Edgar Caseiro

Personal information
- Full name: Sérgio Edgar Miranda Alegre Caseiro
- Date of birth: 20 July 1980 (age 46)
- Place of birth: Portugal
- Positions: Midfielder; winger;

Senior career*
- Years: Team / Apps / (Gls)
- -1998/99: S.L. Benfica / 0 / (0)
- 1999: Córdoba CF / 2 / (0)
- 1999-2000: F.C. Felgueiras 1932 / 18 / (2)
- 2000-01: Rio Ave F.C. / 1 / (0)
- 2000-01: Leixões S.C. / 6 / (1)
- 2001-03: Valencia CF / 0 / (0)
- 2003-04: F.C. Maia / 17 / (0)
- 2004-05: Padroense F.C. / 14 / (0)
- Football Club Atert Bissen

Medal record
Men's football
Representing Portugal
UEFA European Under-16 Championship
| Winner | 1996 Austria |  |

= Edgar Caseiro =

Portuguese footballer

Sérgio Edgar Miranda Alegre Caseiro (born 20 July 1980 in Portugal) is a Portuguese retired footballer.

==Career==

After helping Portugal win the 1996 UEFA European Under-16 Championship, Caseiro started training with the first team of S.L. Benfica, the most successful team in Portugal.

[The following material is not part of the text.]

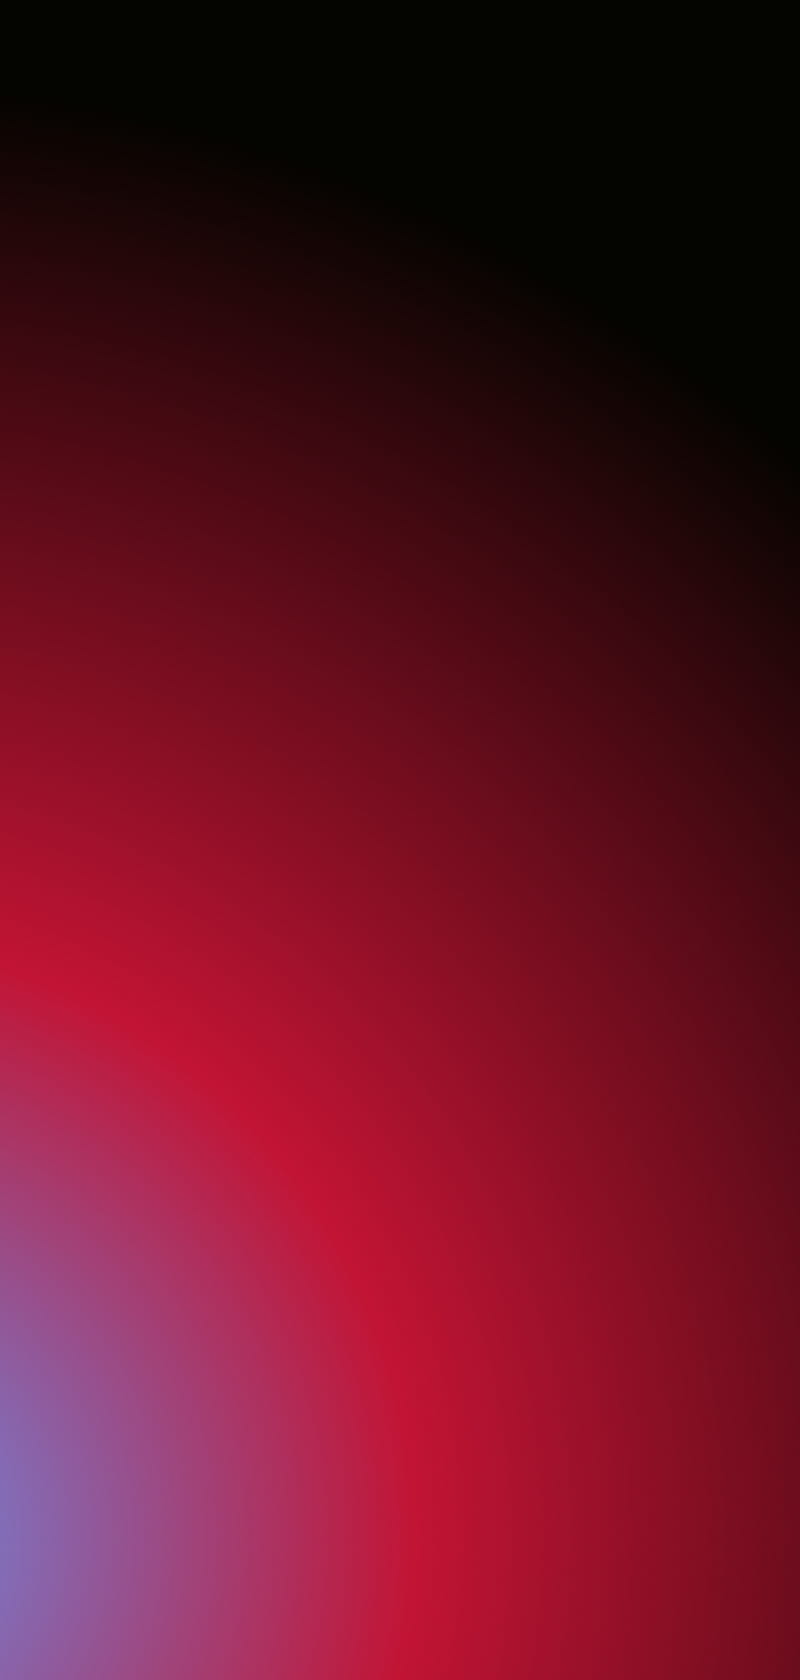 Red Notch: Nắm bắt lợi thế của chiếc điện thoại với đồ họa hiện đại và nổi bật. Hình ảnh Red Notch sẽ khiến bạn quên đi mọi thứ xung quanh, để đắm mình trong những đường cong thanh lịch của thiết kế đầy thời trang này.
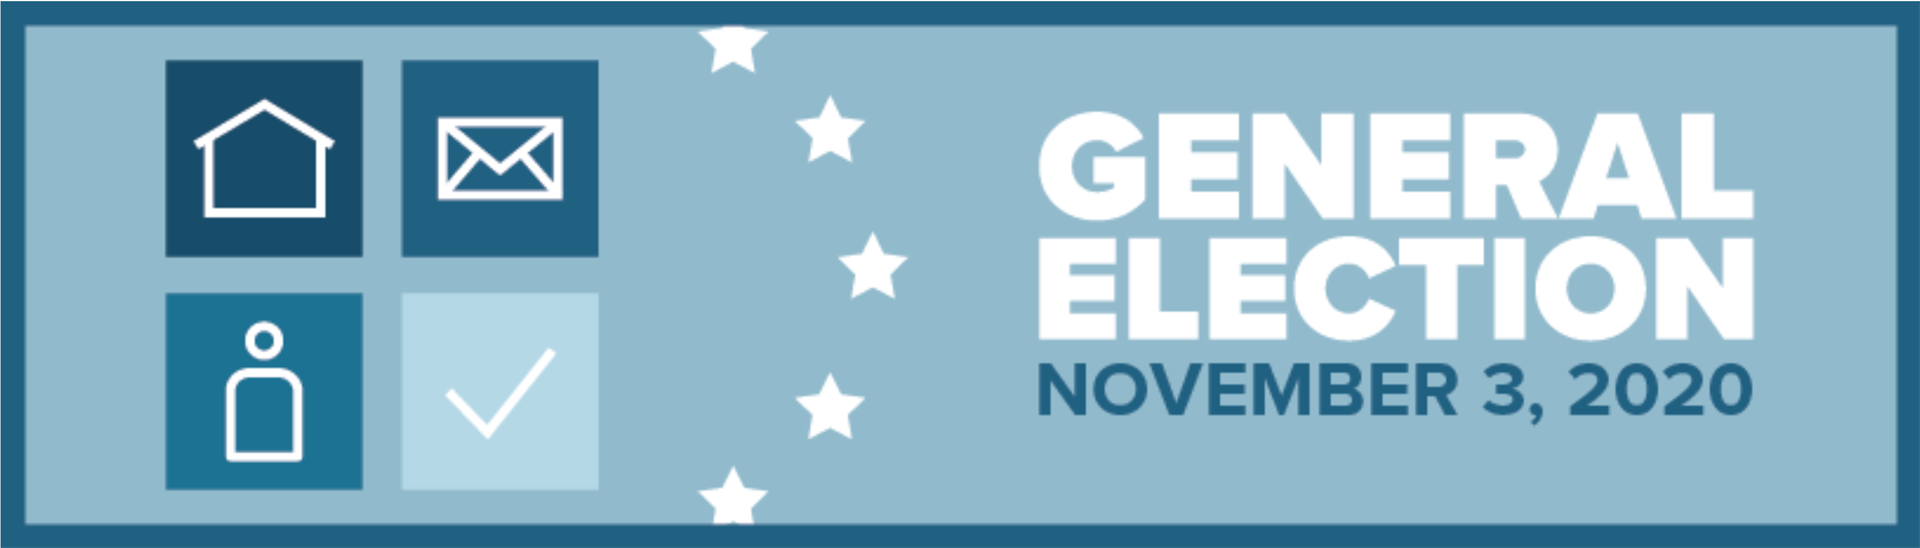 General Election, November 3, 2020

However, he failed to make an appearance for the club and after making 2 appearances with Spanish second division side Córdoba CF in the Spanish second division, played for Portuguese lower league outfits Felgueiras 1932, Rio Ave, Leixões S.C. before joining Spanish top flight side Valencia, where he again failed to make appearance.

In 2003, Caseiro returned to Portugal with Maia despite the possibility staying in Spain. However, he left at the end of 2003/04 due Maia's financial problems and later said he "made a mistake when I decided to return to Portuguese football".

At the end of 2004/05, Caseiro retired from football at the age of 25.

In 2013, he came out of retirement to sign for Atert Bissen in the Luxembourgish lower leagues.